Erwachsenwerden findet zu einem Großteil im Austausch mit Gleichaltrigen statt – Werte und Normen werden verhandelt, Ideale besprochen und das eigene Auftreten ausgetestet. Mädchen und Jungen wachsen aber auch in einer Welt auf, in der sie eine lukrative Zielgruppe für die Industrie darstellen, die wiederum Trends setzt und damit die Jugendphase massiv prägt.

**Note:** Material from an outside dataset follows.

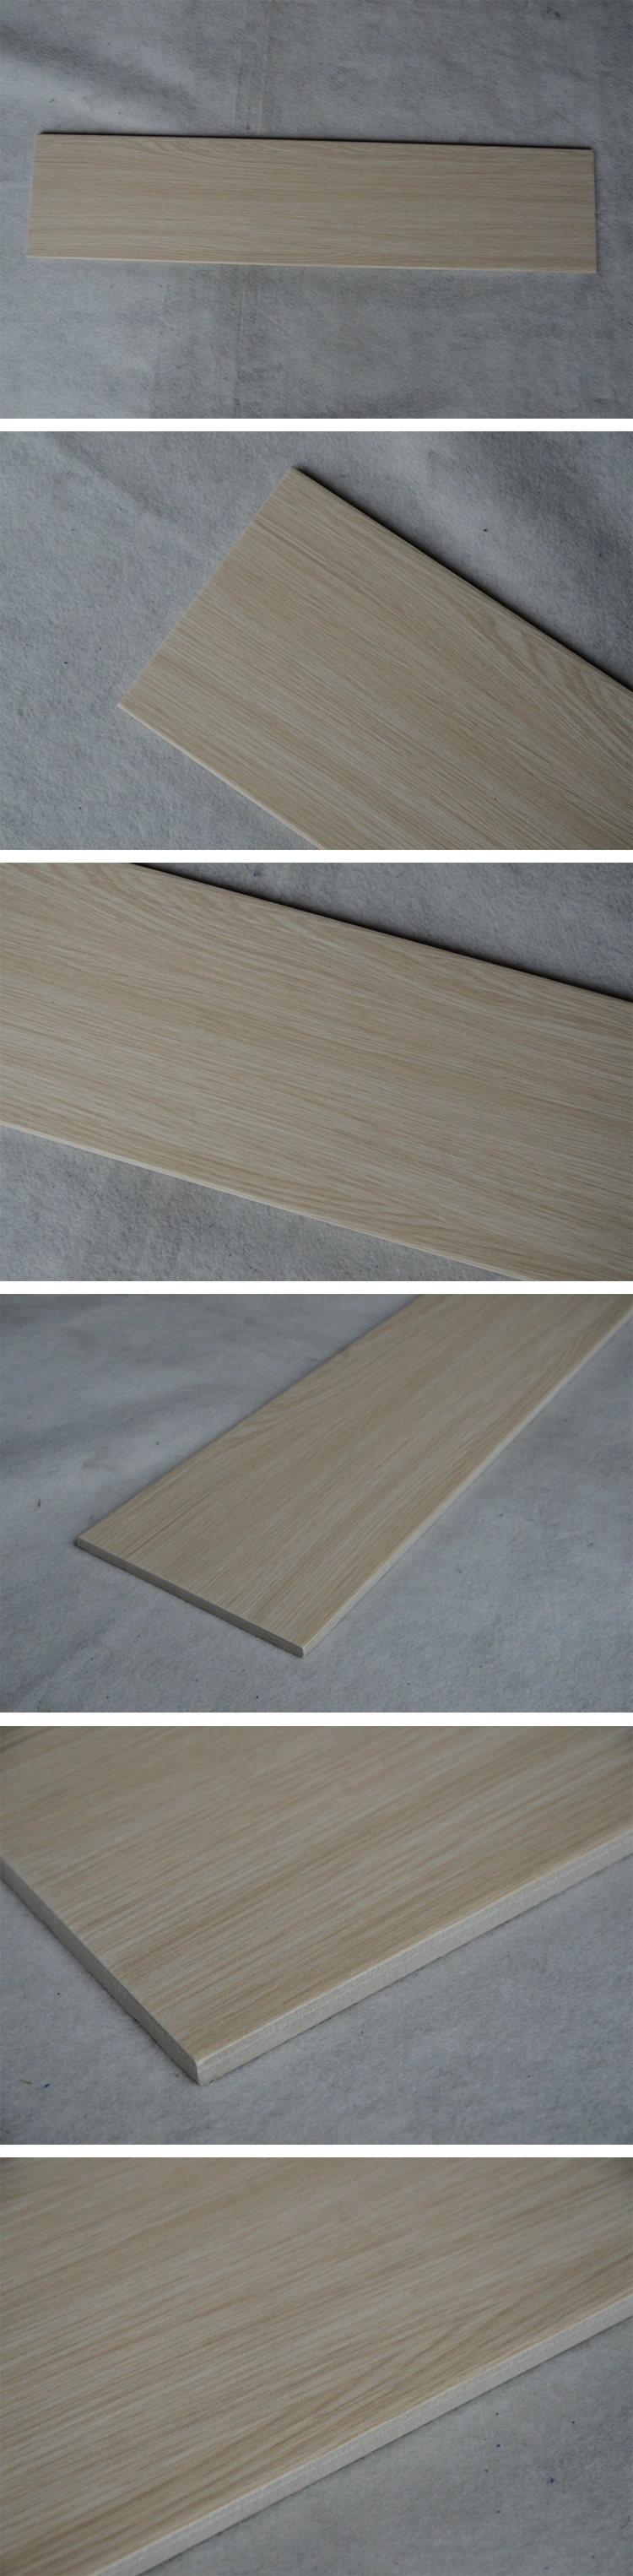 200X900mm Brazilian Cherry Wood Homogeneous Wood Floor Tile

Die Kommerzialisierung trägt dazu bei, dass weiterhin streng zwischen Mädchen und Jungen unterschieden wird: Geschlechtskonforme Kleidung, Musik, Hobbys und letztendlich auch Verhaltensweisen werden Mädchen und Jungen auferlegt – und ein Großteil der Jugendlichen folgt den angebotenen Orientierungshilfen
unkritisch. Insgesamt stellt sich die Frage, wie heutzutage eine Abgrenzung zu älteren Generationen gelingen kann.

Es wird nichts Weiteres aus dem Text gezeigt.